Absolutely agree. If everyone is a fall risk, then no one is a fall risk if you take my meaning. Use that fall risk score/

Thank you everyone for your input!!

Certainly we use the Morse Fall Risk scoring system diligently; required assessment is once per shift and with changes in LOC/mentation. Nonskid footwear, hourly rounding, 1:1 sitters which are seldom available for use, call lights within reach, moving high risk patients closer to station etc; we are definitely succeeding here (I think?) but still having issues with falls. Last week an AOx4 gentleman (of the non-compliant/obstinate variety) who was very unsteady on his feet tried to help himself to the bathroom, did not call out first, and face-planted into the toilet bowl with an INR >7. A trauma consult and many bags of FFP later... imagine our disdain...

I can see how over-utilizing bed alarms can cause issues especially in our confused patients, however in a 20 bed (very spacious!) acute care unit it is difficult to justify turning them off on the night-shift. I like the idea of silent alarms; this is something I would like to research further and bring up in quality care meetings, so thank you for that!

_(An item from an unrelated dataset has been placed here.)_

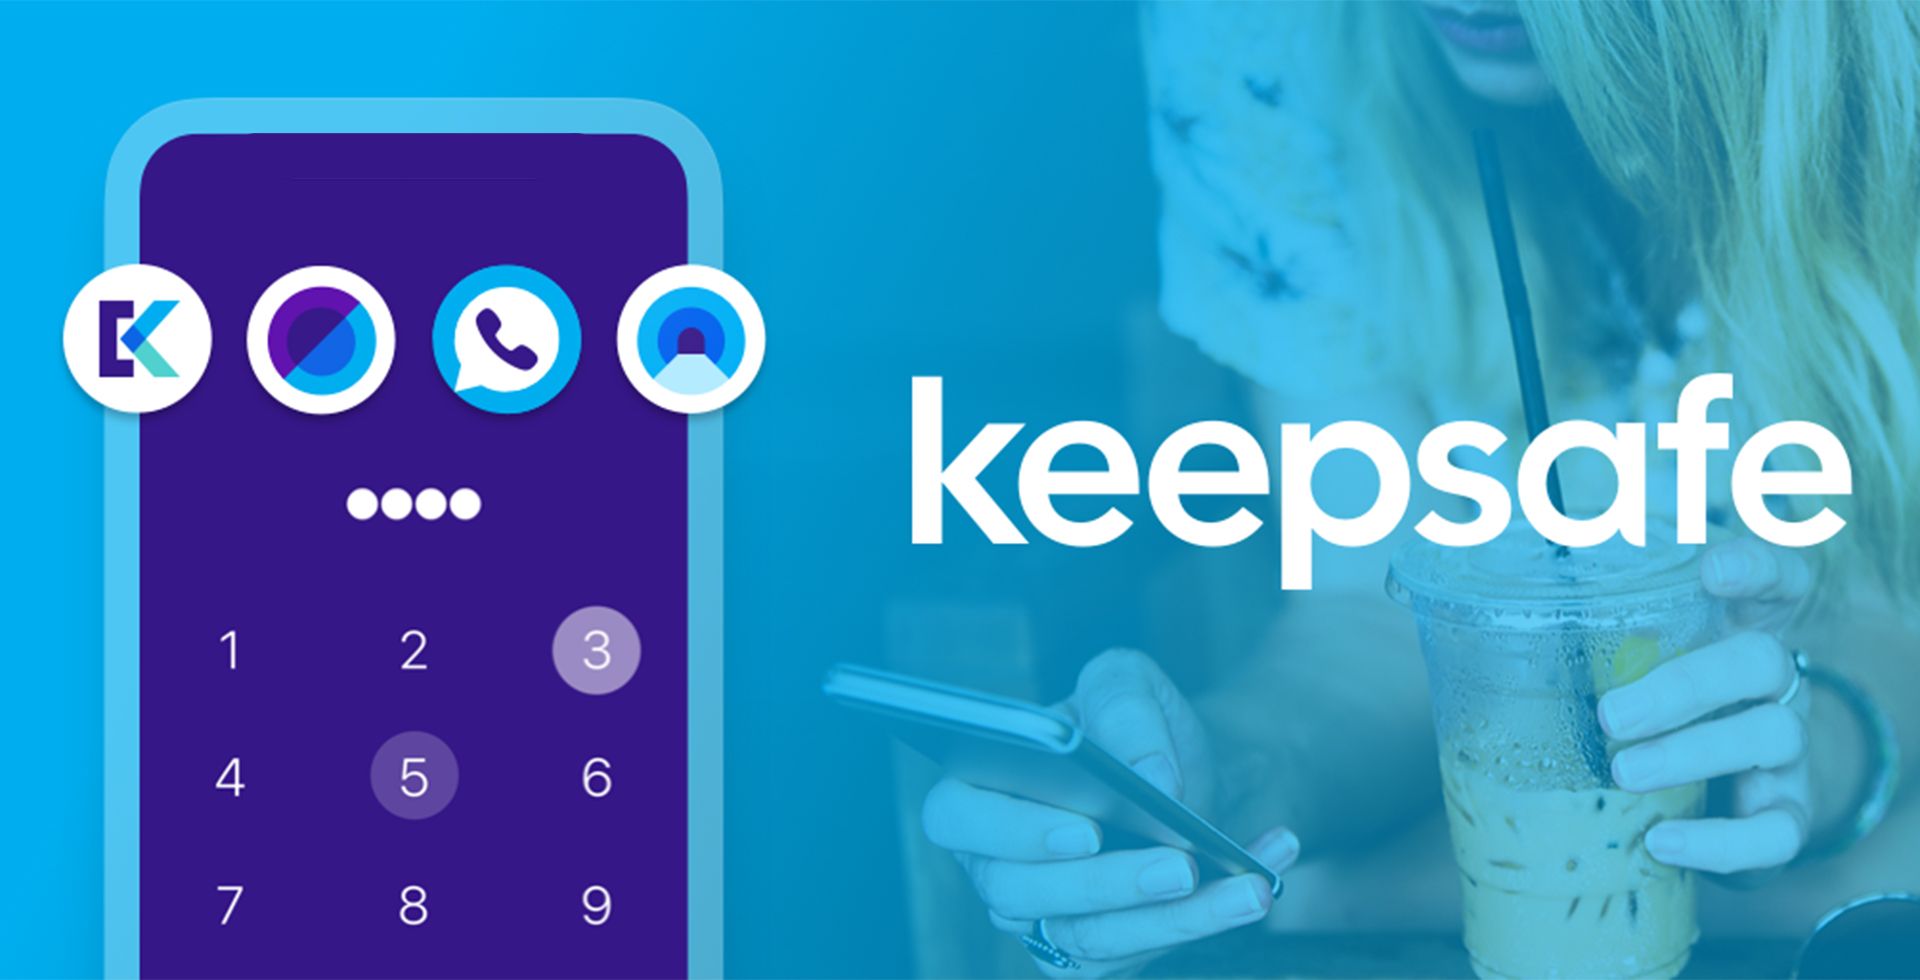 کاور اپلیکیشن Keepsafe دختری در حال کار با گوشی هوشمند

We recently implemented (or tried to implement) a strategy utilizing little pink music-notes that we stick on bed-alarmed patients doors to notify staff that they are high risk for falls, in addition to the white (low risk) or yellow (moderate risk) plaques on each patient's door; the thought is that this will prompt staff to round more frequently or double-check those fall prevention strategies during [mandatory] hourly rounds. However, in the acute care setting, we find patients are quick to change LOC and these little music notes are so easy to overlook, not to mention overkill in addition to the fall risk plaques, and after a few weeks of implementing this process it seems we have fallen off the wagon, not that I felt the music notes had much of an impact to begin with.

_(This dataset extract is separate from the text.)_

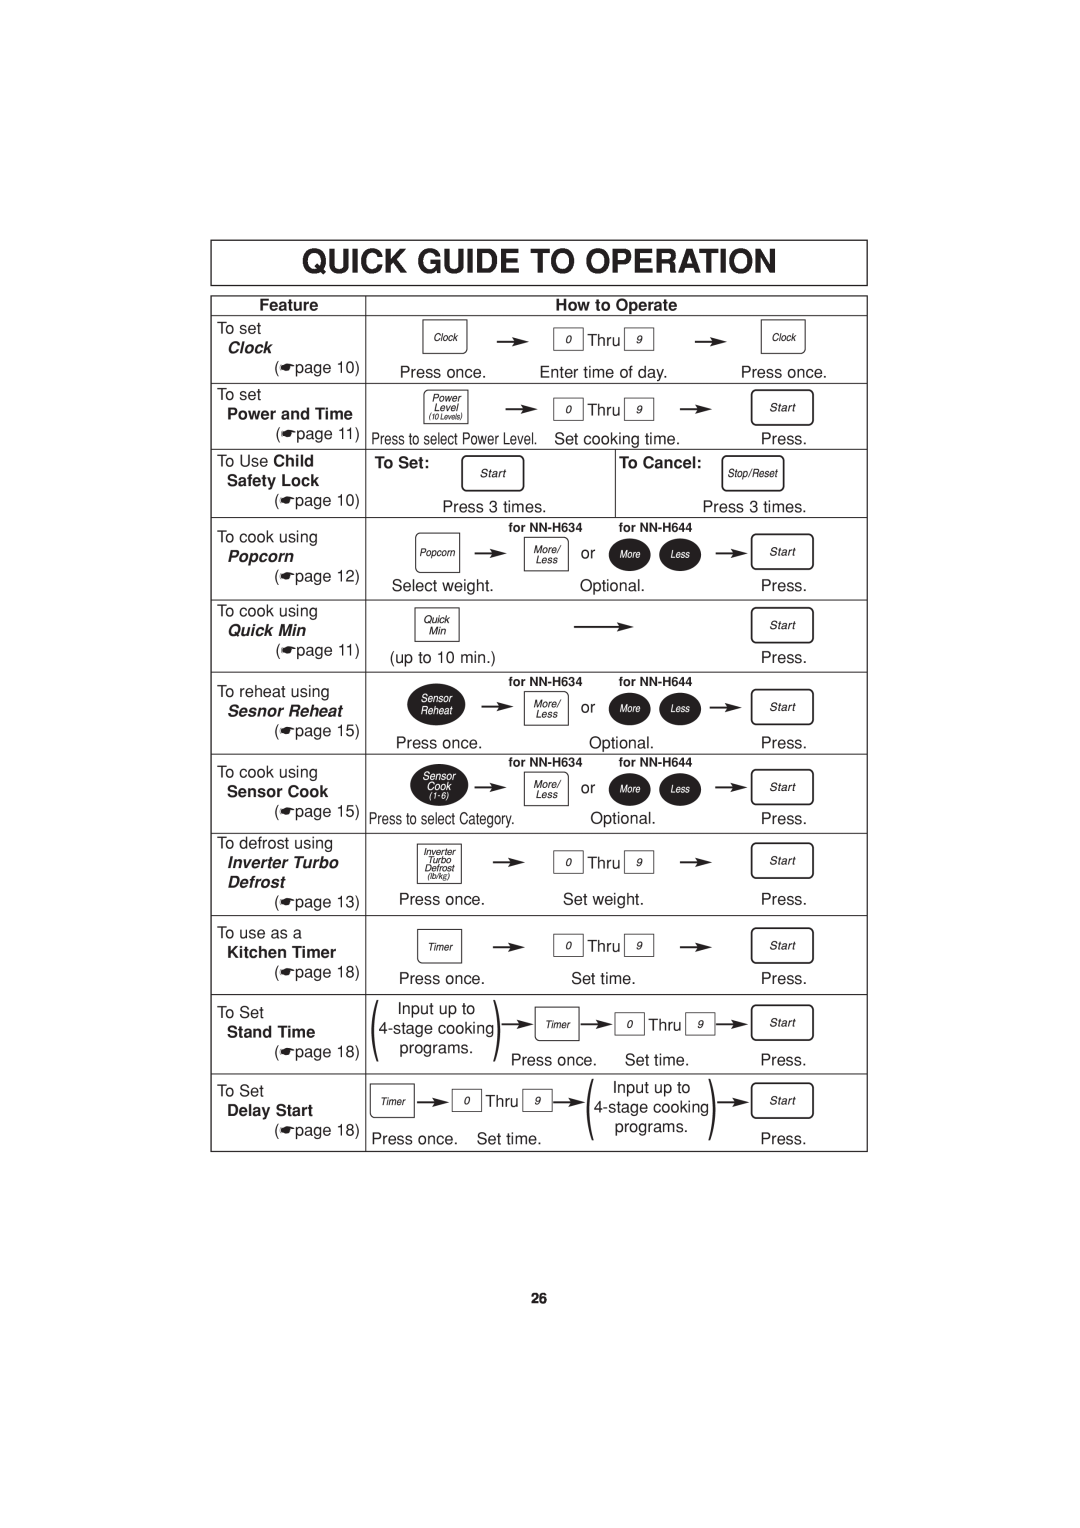 Panasonic NN-H644, NN-H634 Quick Guide To Operation, Clock, Popcorn, Quick Min, Sesnor Reheat, Inverter Turbo, Defrost

Falls are going to happen, I just wish they would happen less. Thanks again for your input!

Specializes in Practice educator.

We use Clip in our trust. So if we have a high falls risk bay one person is given 'the clip' which means they can not leave the bay at any point. It can be a tedious brain numbing job but we tend to share it around. It's worked wonders for us. Bed alarms are not effective.

Specializes in Hematology-oncology.

Over half of the falls on our unit have been assisted (patient is walking to the bathroom and knee buckles, or they become weak). We use gait belts and bedside commodes as appropriate to help with this. Bed exit alarms are actually helpful on our unit for the very high risk patients b/c we have 12 bed pods set up as a square with the nursing station in the middle. It literally takes just a few seconds to run to any of the rooms. On my previous floor (a very large, sprawling 39 bed unit with one nursing station), bed exit alarms were practically useless. A lot of it depends on the set up of the unit, and whether responding to alarms is a priority of everyone (and not just assigned staff).